T5Gemma Seq2Seq LM 预处理器。

此预处理层用于与 keras_hub.models.T5GemmaSeq2SeqLM 一起使用。默认情况下，它将接收字符串的批次，并以 (x, y, sample_weight) 格式返回输出，其中 y 标签是 x 序列中的下一个 token ID。

对于生成任务，该层还公开了 generate_preprocess() 和 generate_postprocess() 两个方法。当此预处理器附加到 keras_hub.models.T5GemmaSeq2SeqLM 实例时，这些方法将在 generate() 中被隐式调用。它们也可以独立调用（例如，在单独的进程中预计算生成所需的预处理输入）。

参数

tokenizer: 一个 keras_hub.models.T5GemmaTokenizer 实例。
encoder_sequence_length: 填充后的编码器输入的长度。
decoder_sequence_length: 填充后的解码器输入的长度。
add_start_token: 如果为 True，预处理器将在每个输入序列前添加分词器的起始 token。对于 T5Gemma 模型，这应该是 False。默认为 False。
add_end_token: 如果为 True，预处理器将在每个输入序列后添加分词器的结束 token。对于 T5Gemma 模型，这应该是 True。默认为 True。

调用参数

x: 一个包含两个键的字典，"encoder_text" 和 "decoder_text"。值可以是字符串、tf.Tensor 或 Python 字符串列表。
y：标签数据。应始终为 None，因为该层会生成标签。
sample_weight：标签权重。

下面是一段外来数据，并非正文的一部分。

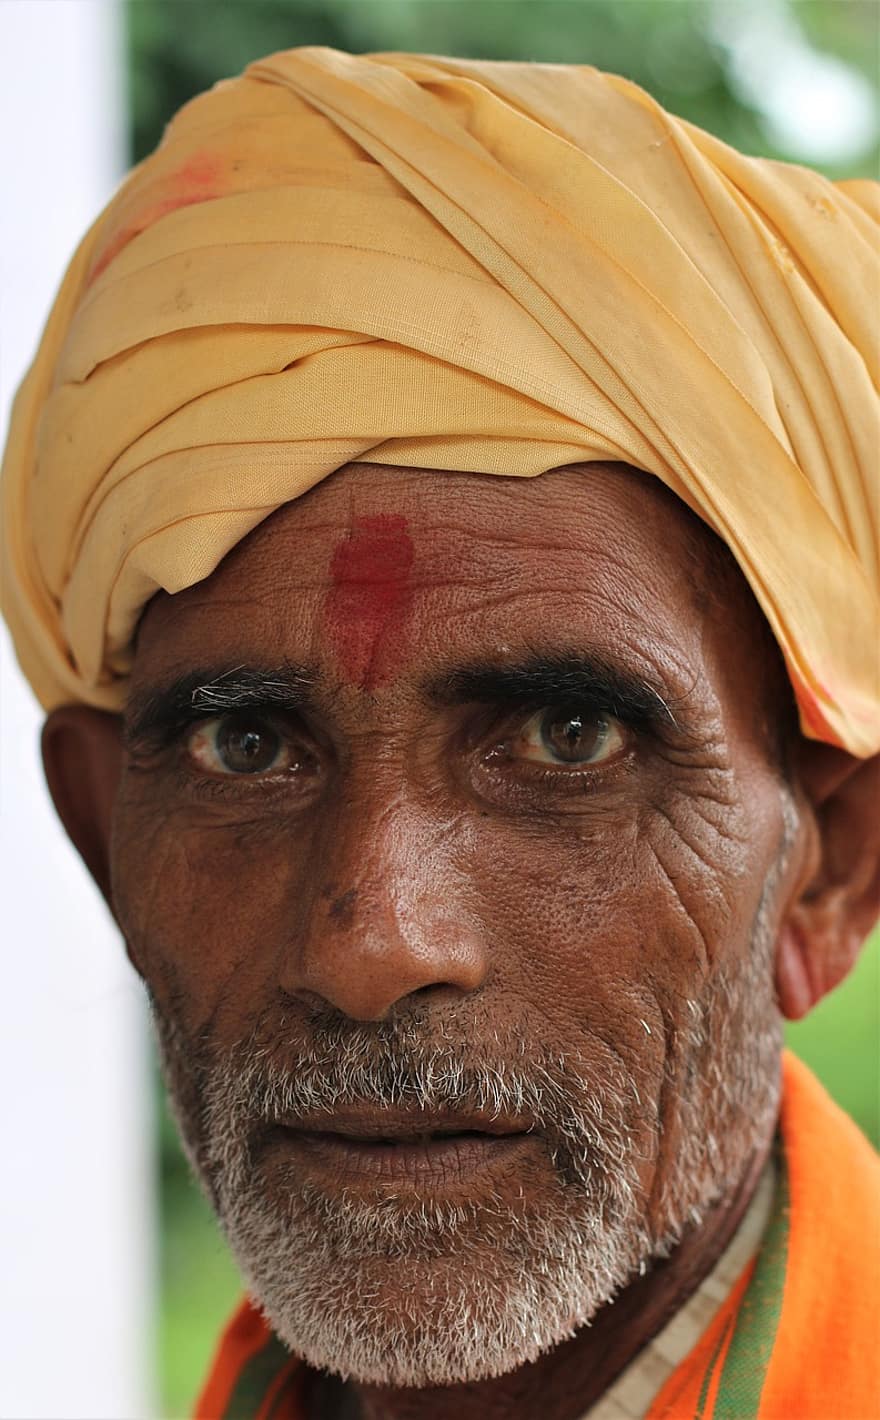 mand, ansigt, person, indien, rajasthan

应始终为 None，因为该层会生成标签权重。
encoder_sequence_length: 传递此参数以覆盖层配置的 encoder_sequence_length。
decoder_sequence_length: 传递此参数以覆盖层配置的 decoder_sequence_length。

示例

import tensorflow as tf
import numpy as np

# Load the preprocessor from a preset.
preprocessor = keras_hub.models.T5GemmaSeq2SeqLMPreprocessor.from_preset(
    "t5gemma_b_b_prefixlm_it"
)

# For example usage, see the dictionary example below which provides
# both encoder and decoder text.
# Tokenize a batch of sentences.
preprocessor(["The quick brown fox jumped.", "Call me Ishmael."])
# Tokenize a dictionary with separate encoder and decoder inputs.
preprocessor({
    "encoder_text": "The quick brown fox jumped.",
    "decoder_text": "The fast fox."
})

# Apply tokenization to a [`tf.data.Dataset`](https://tensorflowcn.cn/api_docs/python/tf/data/Dataset).
encoder_features = tf.constant(["The quick brown fox.", "Call me Ishmael."])
decoder_features = tf.constant(["The fast fox.", "I am Ishmael."])
ds = tf.data.Dataset.from_tensor_slices(
    {"encoder_text": encoder_features, "decoder_text": decoder_features}
)
ds = ds.map(preprocessor, num_parallel_calls=tf.data.AUTOTUNE)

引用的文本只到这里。